Чугунная доска с жалованной Демидову грамотой, отлитая в 1727 г., также представляет интерес старины и хранится вместе с столом и прочими вещами в музее Демидовых, в Нижнем Тагиле, куда я в 9 часов вечера по железной дороге и направил свой путь.
Говорят, что по Уральской железной дороге ездит преимущественно деловой народ, т. е. служащие или торгующие в Приуральском крае. Действительно, путешественники здесь встречаются редко, хотя это одна из самых живописных дорог в России. Сначала по обе стороны пути видны леса, вспаханные поля и холмы, покрытые березой и елью, кое-где сверкают озера, но чем дальше, тех сильнее и резче начинает вступать в свои права горная природа. Вокруг все зелено, но уже кое-где заметны следы глины и плитняка, и худосочные деревья, ютящиеся по холмам на каменистой почве, становятся дымными, тощими и, не выдерживая бури, тут же падают и лежат в оврагах как трупы. Глядя на них, ожидаешь, что вот-вот прекратится сейчас и последняя зелень, омертвеет последняя былинка, и потянется сплошная долина серого мертвого камня.

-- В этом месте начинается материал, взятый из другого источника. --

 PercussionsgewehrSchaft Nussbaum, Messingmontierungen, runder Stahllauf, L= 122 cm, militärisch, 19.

Но нет, — перед глазами развертывается внезапно громадное поле, все усеянное синими, красными, белыми цветами, и где-нибудь блестит и вьется горная речка. То видишь почти под собою страшные овраги, за которыми далеко-далеко вырастают гигантские холмы, покрытые лесом, то внезапно встречаешь у самой дороги дикие стены разрубленной надвое скалы, в которую поезд проскальзывает как в ворота и мчится среди зловещих изуродованных камней, сажени в три или четыре ростом, — и снова, опять внезапно, выносится на необъятный простор, и снова вокруг все зелено, весело, девственно.
Большинство пассажиров нашего вагона, отъезжая вечером из Перми, просило взаимно друг друга разбудить их, когда начнется горный подъем повсюду только и речи было, не проспать бы Чусовую! На всякий случай предупредили кондуктора.

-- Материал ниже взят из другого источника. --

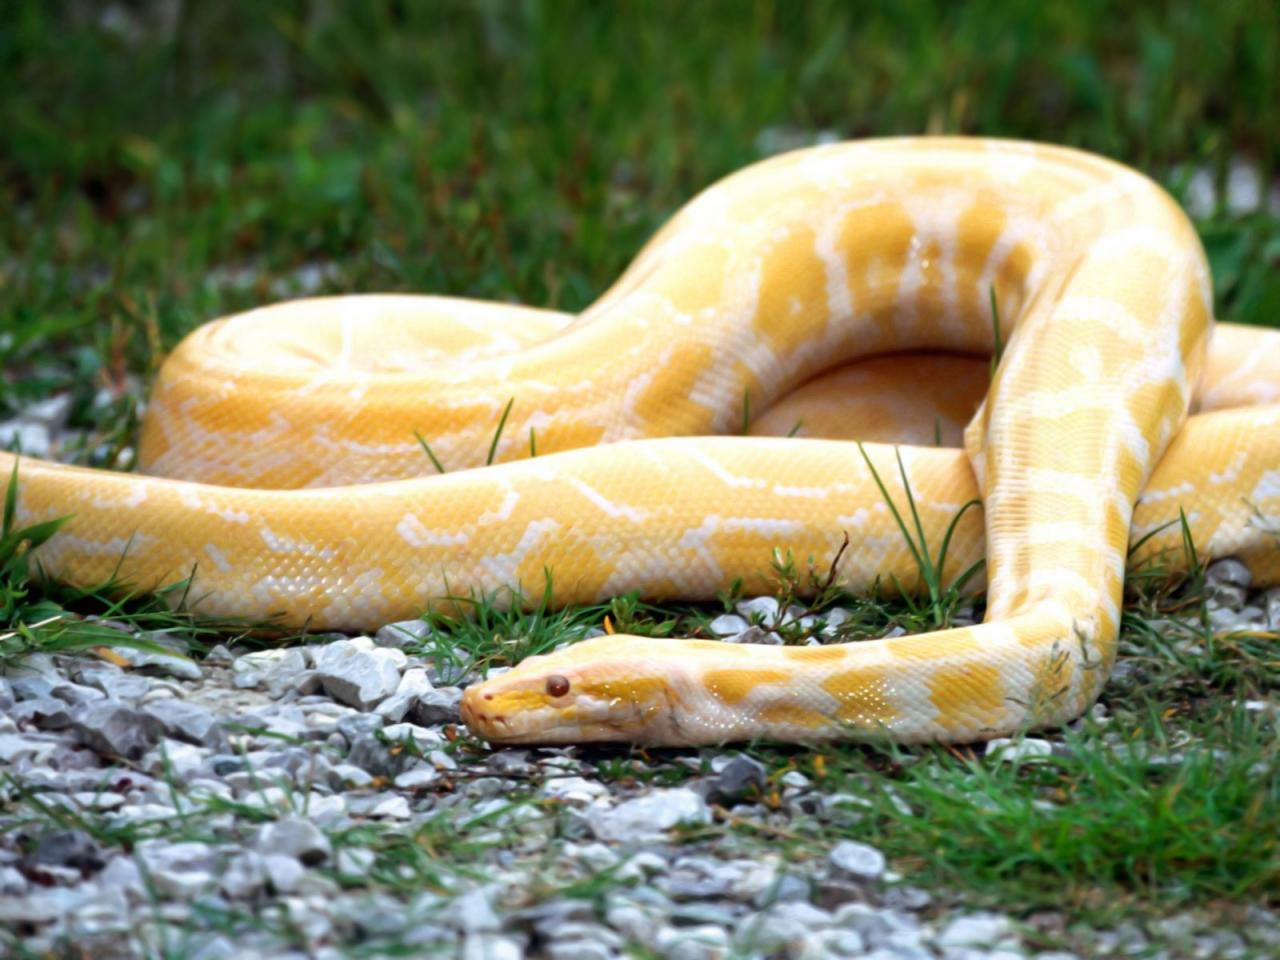 Желтая земляная змея

Около двух часов ночи, когда забрезжил рассвет, меня разбудил мой случайный попутчик и проговорил, указывая в окошко:
— Поглядите!
Отсюда, еще не доезжая станции Чусовской, начиналась прекрасная панорама Урала.
Мы вышли на тормаз. Было бледное серое утро, и утренний холодок бодрил и разгонял утомление. Страшная глушь, необозримая я безлюдная, но полная жизни , потому что среди стука и грохота поезда иногда можно было услышат пение птиц, потому что вокруг все было весело, зелено и красиво, — эта глушь раскинулась так широко, что не охватишь взглядом - с одной стороны возвышаются в беспорядке горные холмы, точно выглядывая друг из-за друга, а с другой стороны сияет страшный овраг, поросший то травой, то кустарником, постепенно поднимающийся вдалеке и становящийся высокою горой, с лесною щетинистою вершиной, повсюду леса, леса и камни, и нигде незаметно признаков руки человеческой, кроме железнодорожного полотна, и с восторгом глядишь на эту девственную картину природы и с изумлением любуешься человеческими трудами, этими пробитыми скалами, образующими целые коридоры. А поезд, поднимаясь в гору, идет медленно и осторожно, образуя собою все время дугу, то изгибаясь вправо, то влево, а в иных местах он изгибается почти в кольцо.
Станции здесь то и дело. Семь верст, — и “Ермак”, еще восемь верст — и “Архиповка”… На ста верстах находятся девять станций. Извилистость пути особенно заметна по станционному домику “Ермак”. Когда только что отъедешь от этой станции, то ее видно еще справа, затем, исчезнув на несколько минут, она показывается снова, но кажется уже не сзади поезда, а впереди его, еще минута — и станция исчезает. До такой степени извилист железнодорожный путь через Урал.
Станция Архиповка на Уральской железной дороге
Относительно самого названия Урала существует два положения: во-первых, название производят от остяцкого слова урра, то есть цепь гор, во-вторых, что кажется более достоверным, от татарского названия Арал-тay, которым обозначалась вся южная часть хребта и которое потом переделано русскими в Урал для обозначении такого хребта, который, в виде беспредельного пояса, преграждает дорогу путешественникам. Это подтверждается и названием Аральского моря, как места, где кончаются горы… Богатства Урала неисчерпаемы и разнообразны: здесь добываются железные руды, медь, свинец, даже никель с 1885 года, соль, уголь и сера, фарфоровая глина, аметист, изумруд, малахит, мрамор, платина и, наконец, золото; жильное золото открыто в 1745 году, но добыча его началась в 1754; рассыпное золото начали разрабатывать только с 1814. Всех богатств уральских не перечислишь.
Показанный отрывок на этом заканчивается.